A Father's Love
By Jeff Michaels
His daughter’s corpse grabbed his arm. Surprise kept terror at bay. Instinct kept him from being pulled into the coffin. At least at first.
She was young and, in life, had been no match for his physical strength. Terror set in when he realized that he was now being overpowered by the dead girl. A glance around the church, where her funeral had been held, showed no one in sight.
The last rays of the swiftly fading winter sun illuminated a stained glass Christ with his hand on the top of a child’s head. Candles were the only other light in the sanctuary. Flickering shadows lay across the pews. The nave and the narthex were darkened. He pressed with both of his hands against the edge of the casket. Her eyes snapped open and stared darkly into his face.
A cry for help choked his throat. He struggled for breath and found none. The girl’s left arm held his right. Now, with a spasm, her right arm jerked upward and closed on the lapel of his borrowed suit. A moan escaped his lips. But he could not escape her grasp.
He had a short fantasy that he was waking from a nightmare. His chair soft and worn beneath him. The living room dark and curtained, faint blue light casting shadows in the corners. The air close and warm, the hallway to their rooms dark and silent. He felt a brief burst of relief. Then he felt his feet leave the floor.
His hands pummeled her helplessly. Relentlessly he was forced to lie on top of her body. He had been there before. His child’s eyes were blank and staring as his face drew closer to hers. She looked at nothing. She saw nothing. Light no longer shone in her eyes. Her face was devoid of passion. Her lips parted. The scent of the chemicals that had replaced her blood rose from her mouth. His nostrils recoiled and flared. He began to retch.
The lid to the coffin dropped closed.

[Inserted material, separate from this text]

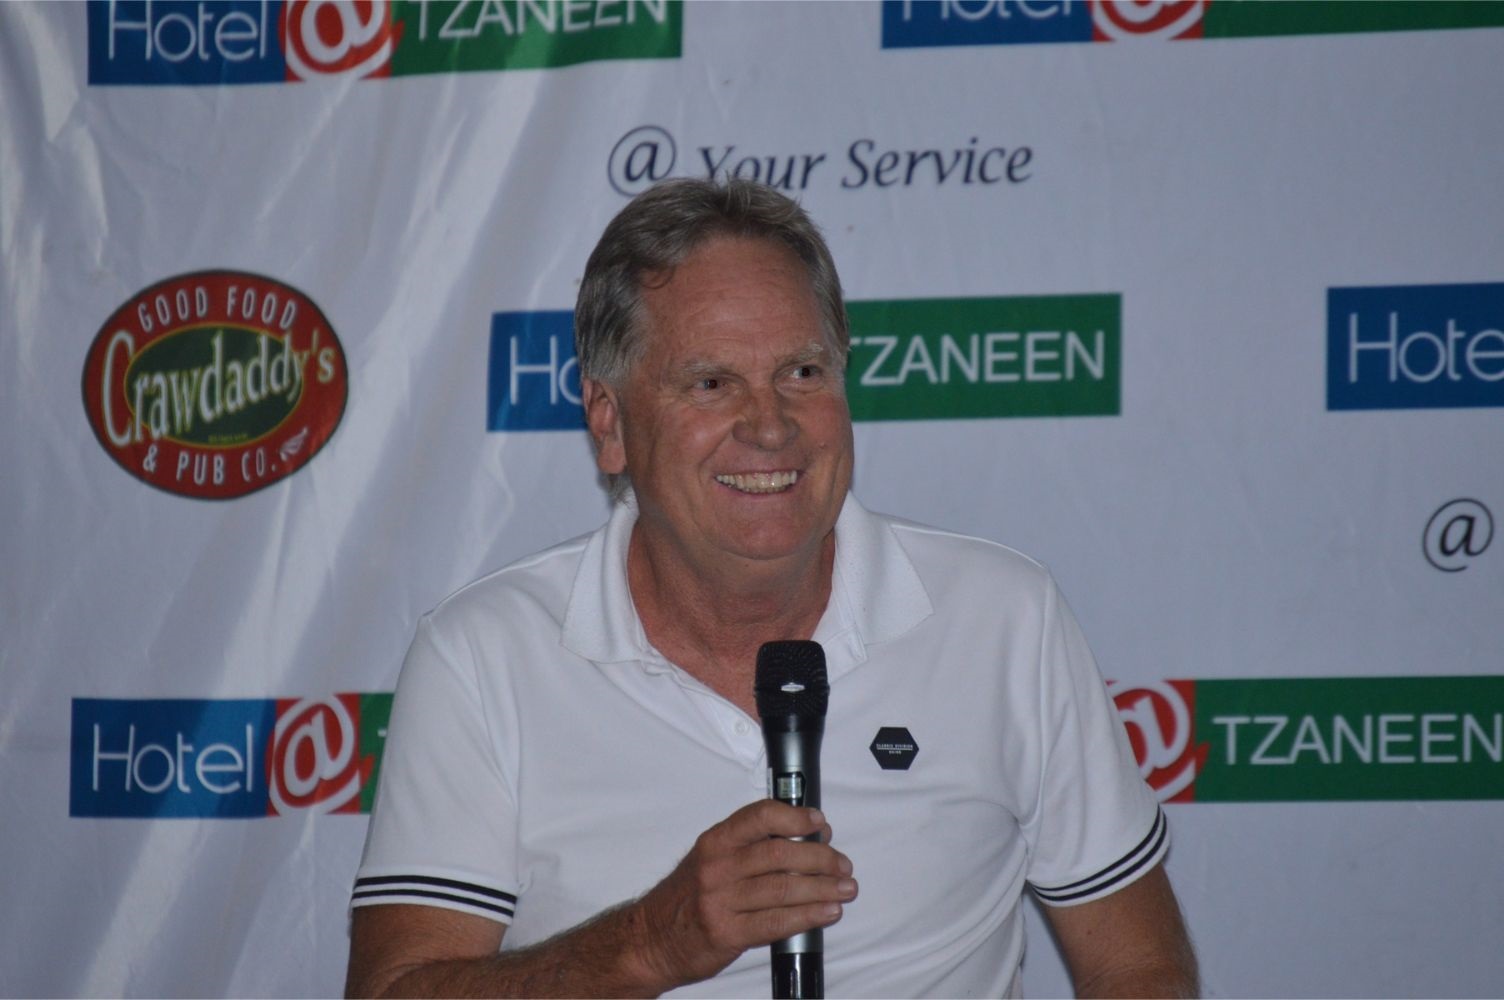 Henning-Gericke-holding-a-mic-speaking-at-a-tzaneen-chamber-of-commerce-event-at-hotel@tzaneen-in-tzaneen
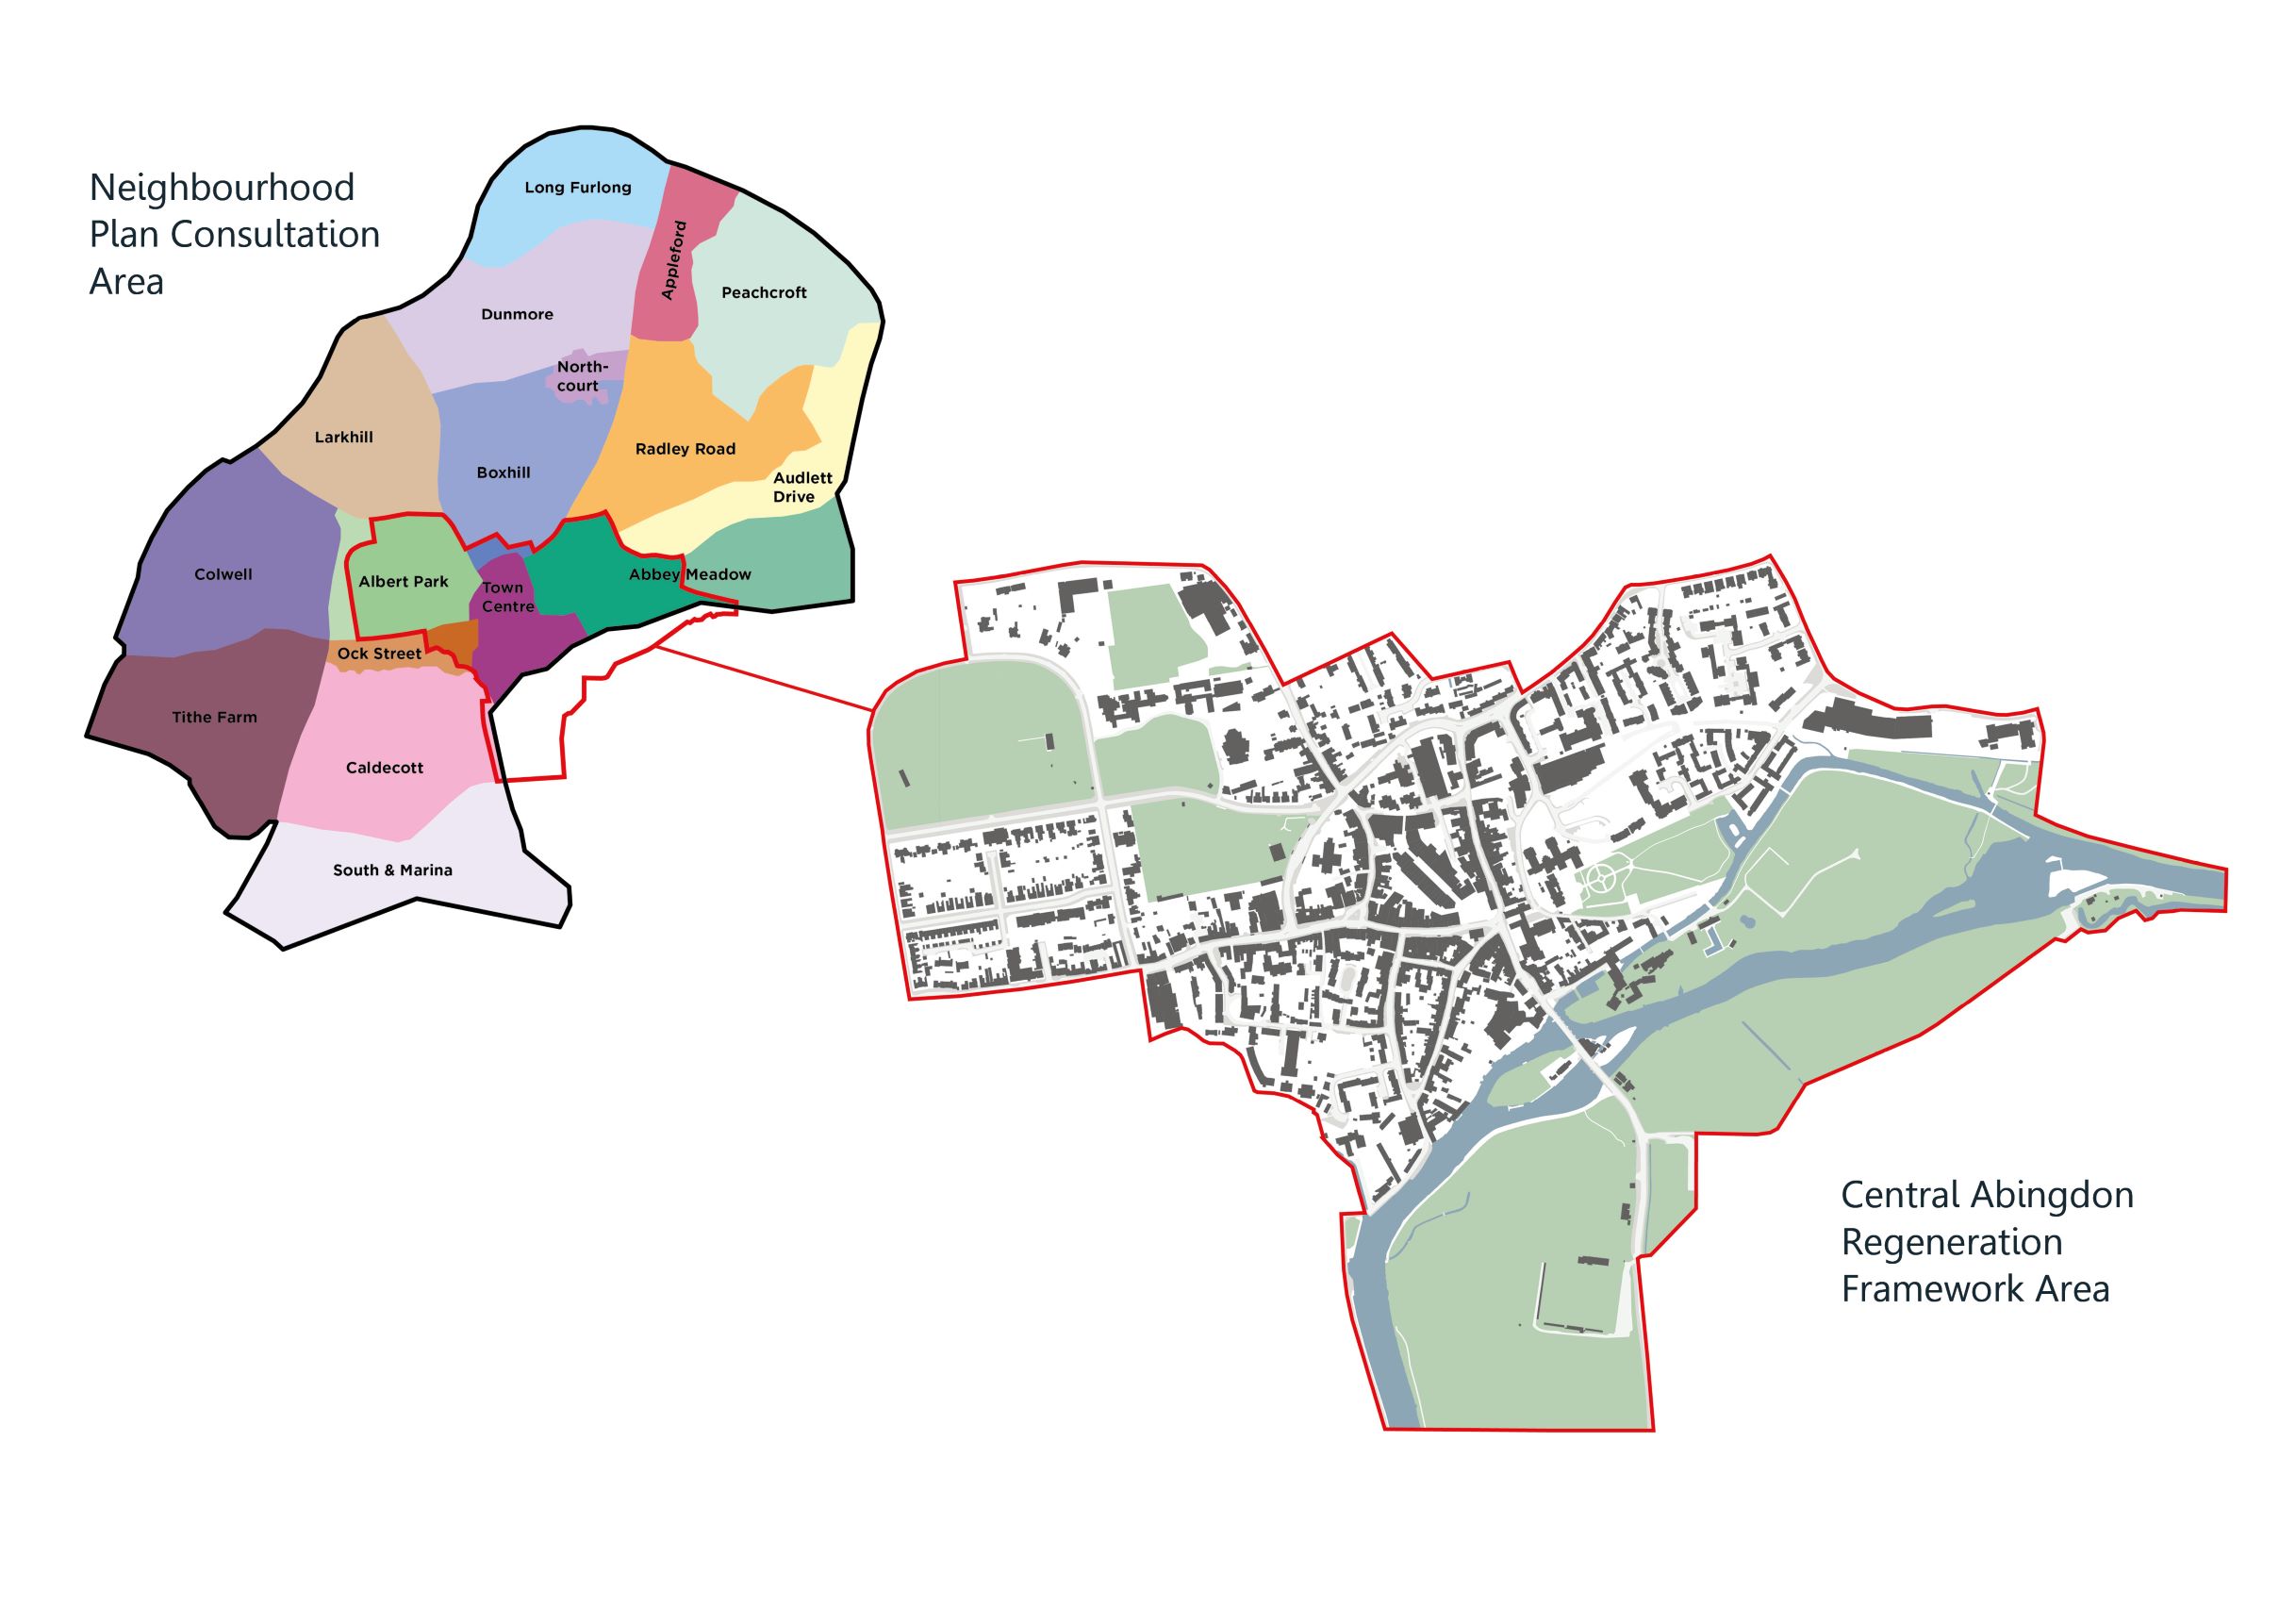 A plan illustrating the study area of the CARF in the context of the Neighbourhood Plan Consultation area. The Neighbourhood Plan study area includes all residential and suburban areas of Abingdon whereas the CARF focuses on the town centre area and its immediate surroundings only, including parts of Albert Park, Ock Street, Abbey Meadow and Boxhill, alongside open space south of the River Thames.

Dark now, and black. Suffocating and close, breath lost. Movements restricted, trapped. Trapped, with no way out, no way away. Trapped against her body, against his will. No breath to scream. No breath.
The oak and brass casket rocks and shakes. Scratching and faint pounding slowly die. Desperation fades. Long minutes pass. Acquiescence to fate. Dark. Silence.
***
Later in the evening a lone figure strides silently into the church sanctuary. The dying sun of winter leaves the room in a pall of black shadows. Dim lights rise in response to a dial on the wall at the back of the chamber. Dressed in black with a flash of a starched white blouse showing through past taut buttons, the funeral director glides up to the young woman’s final resting place. Briefly the mortician looks upward at the crucifix suspended above the altar. Averting her eyes from the grisly icon she tightens the bolts that seal the coffin.
Two young men, also dressed in mourners’ black, now enter the church, their faces dour with grief rehearsed. With practiced efficacy they swing the casket around and wheel it away. They look at each other in silent communication. It seems to them that it is heavier than it should be for just a young girl. Still, it has been a long day. This was their fourth funeral and they are both tired.
The funeral director watches them go. Turning, she forces herself to look at the image of a tortured and bleeding Christ. “I don’t care if she committed suicide,” she says tensely. “If you want me to believe in your mercy, you’d best find a place for her in heaven.”
Her eyes narrow. A swift gasp and puff of breath, a gesture of disbelief escape her lips. She looks again at the image of the dying son, anger in her eyes. She says, “How could a loving father do that to his child?”